▶ _ACTIVITY_: Please give back only the lines below from the one containing "Outstanding View Through" to the one containing "Three Gilded Appliques", each repeated word for word, both ends included.

▶ _SUPPLIED RECORDS_:
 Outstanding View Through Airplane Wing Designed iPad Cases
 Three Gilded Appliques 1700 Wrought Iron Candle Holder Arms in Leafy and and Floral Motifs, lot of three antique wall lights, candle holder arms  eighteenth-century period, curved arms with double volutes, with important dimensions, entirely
...
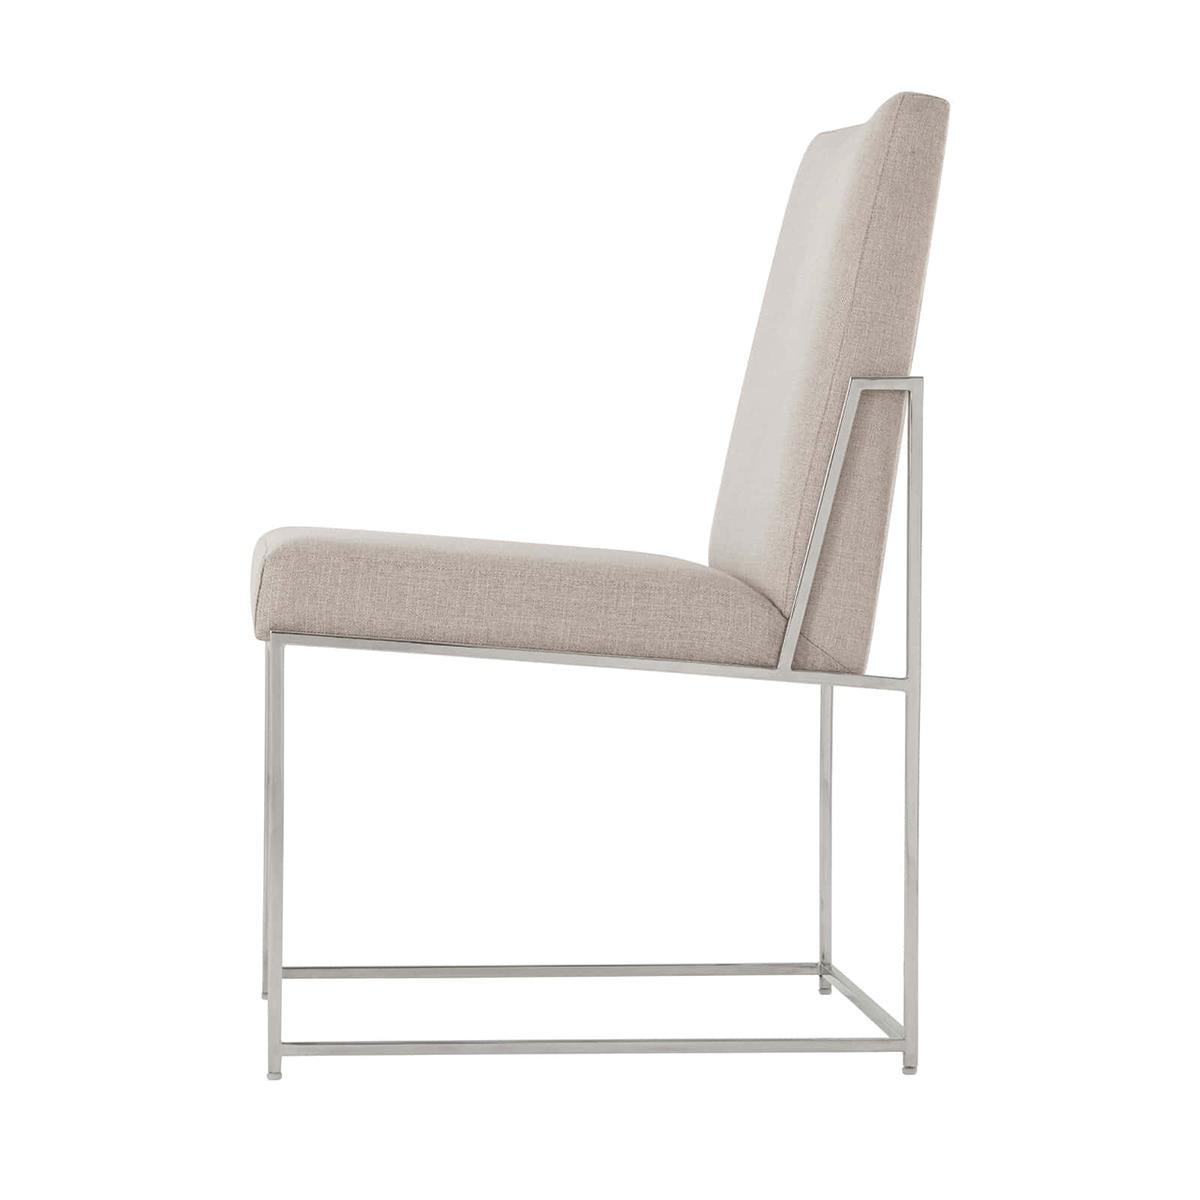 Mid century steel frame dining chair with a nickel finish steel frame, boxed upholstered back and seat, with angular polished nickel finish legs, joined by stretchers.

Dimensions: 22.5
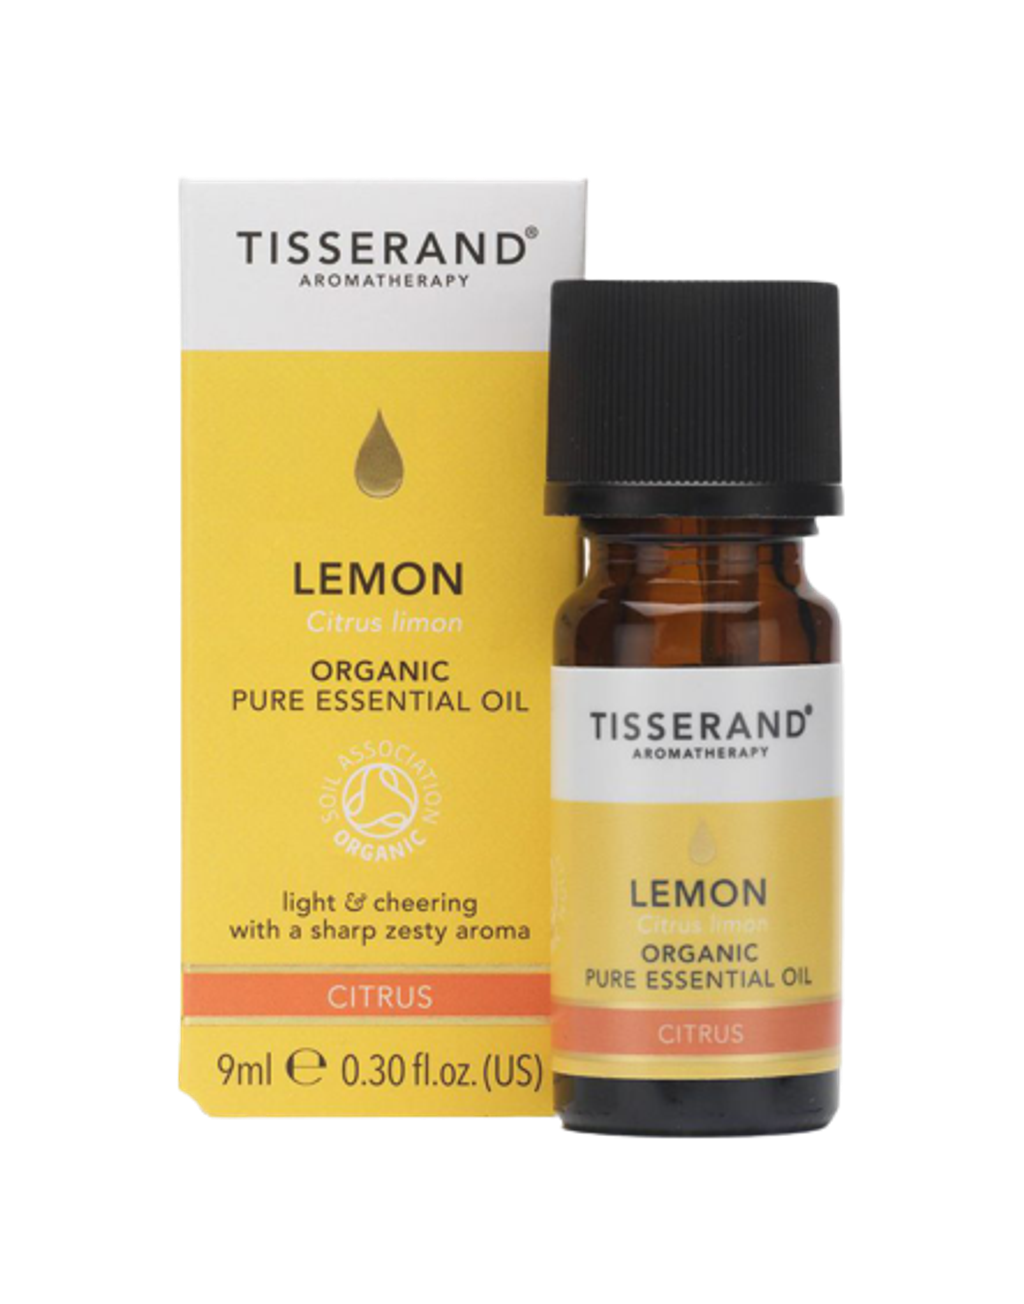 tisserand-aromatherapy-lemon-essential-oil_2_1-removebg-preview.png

▶ _FINAL ANSWER_:
 Outstanding View Through Airplane Wing Designed iPad Cases
 Three Gilded Appliques 1700 Wrought Iron Candle Holder Arms in Leafy and and Floral Motifs, lot of three antique wall lights, candle holder arms  eighteenth-century period, curved arms with double volutes, with important dimensions, entirely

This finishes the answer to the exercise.